Make tools that even an idiot could use,
and an idiot will use them.
What, then, is the truth about what the Web wants?
The truth is porn. The truth is endless, daisy-
chained porn sites, infinite lists of links full
of empty promises and age-verification tease, like
that ball-busting coquette you knew in high school.
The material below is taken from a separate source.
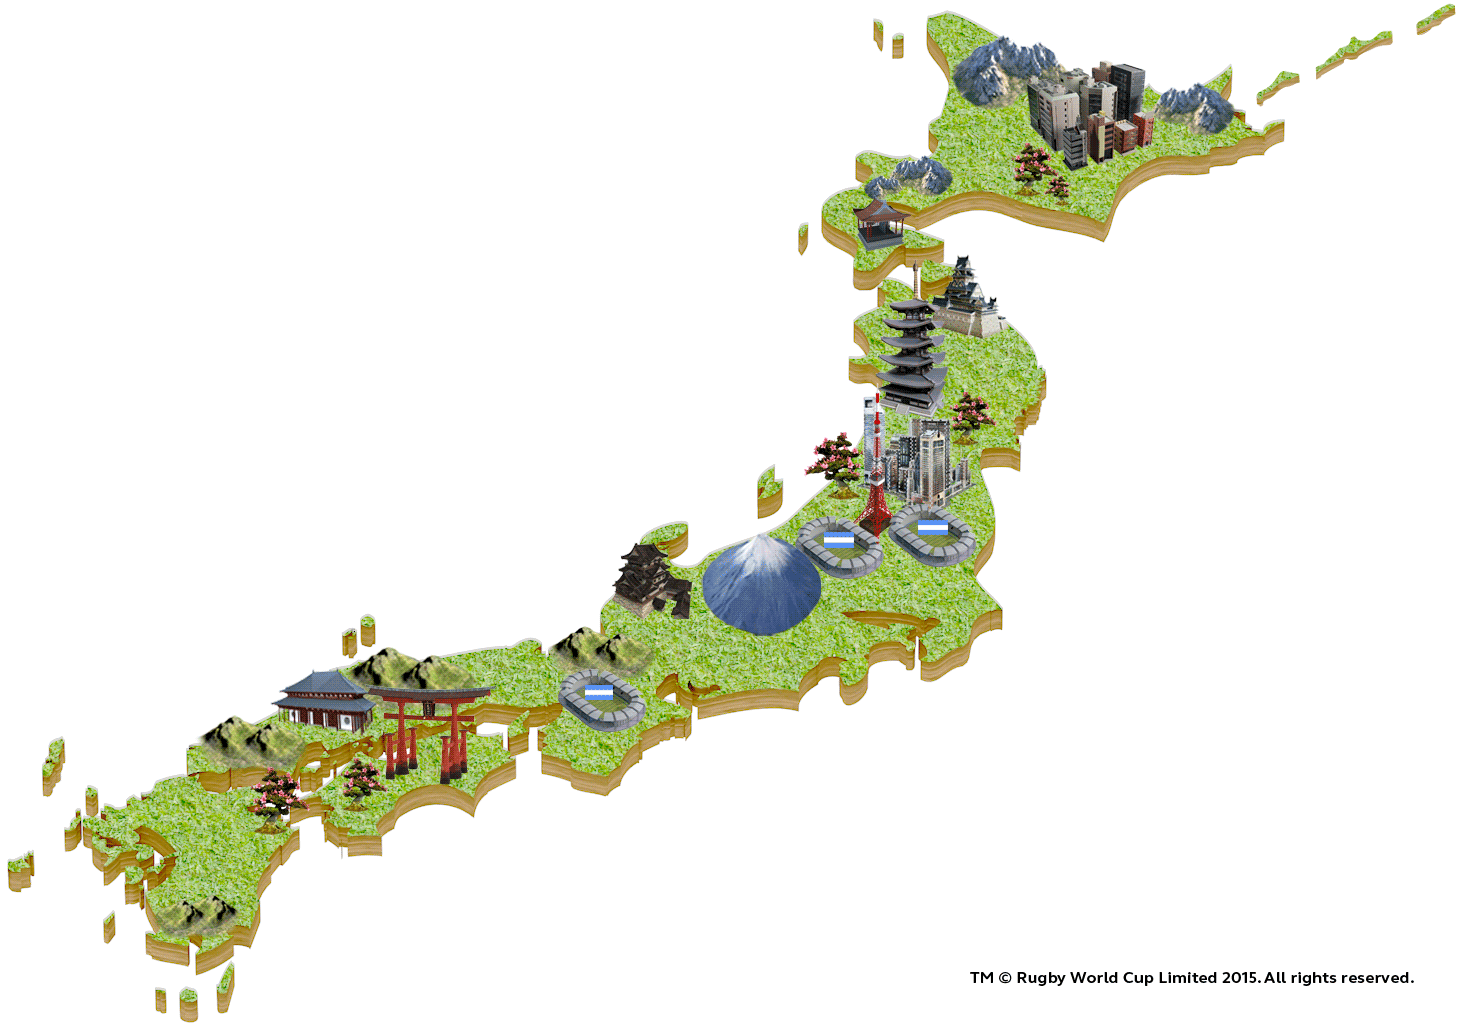 Mapa Japón

An endless panoply of sites linked together
like some unholy incestuous orgy, every link
leading to another link, nothing ever leading
to anything else. The human sexual appetite
expands to fill the space available, and in this
case, the space never ends.
The truth is Geocities, Tripod, Xoom
and Fortunecity, millions of users and pages,
animated email gifs spinning in some endless,
nonexistent digital breeze, half-megabyte
JPEGs of dogs and blurry high school photos
offered up in sacrifice to the gods of Please Click
Here. Accounts named "homesteads"; like some vast
and unyielding plain of garish, ugly front porches,
informing the world of the author's love of Calvin
and Hobbes, South Park and Dilbert.
The truth is the corporate site, consumergoods.com,
with useless, T1-friendly animations spreading
inviting arms like Belshazzar at the feasting table,
preaching the Gospel of Consumption to the unwary
surfer. The antithesis of content, empty of meaning,
cheerfully remorseless, a brightly-colored trap
for the soul.
The truth is that the porn sites proliferate and multiply
like Fantasia's brooms while the sites that make their
valiant stab at content shut down for lack of money
or lack of faith. While one online "design tips" site
after another wonders where the hell the content is,
Geocities racks up another million users, rank with
Java popup, Auto-by-Tel ads, and fourteen thousand
sites about the Redwings.
Where, then, is the content?
In this little box?
Maybe.
It seems doubtful.
Just as the Web becomes what is uploaded, the
content is defined by what the people look for.
If Redwings are your thing, you're in luck.
Want to find pictures of people with plastic
wrap over their faces being defecated on?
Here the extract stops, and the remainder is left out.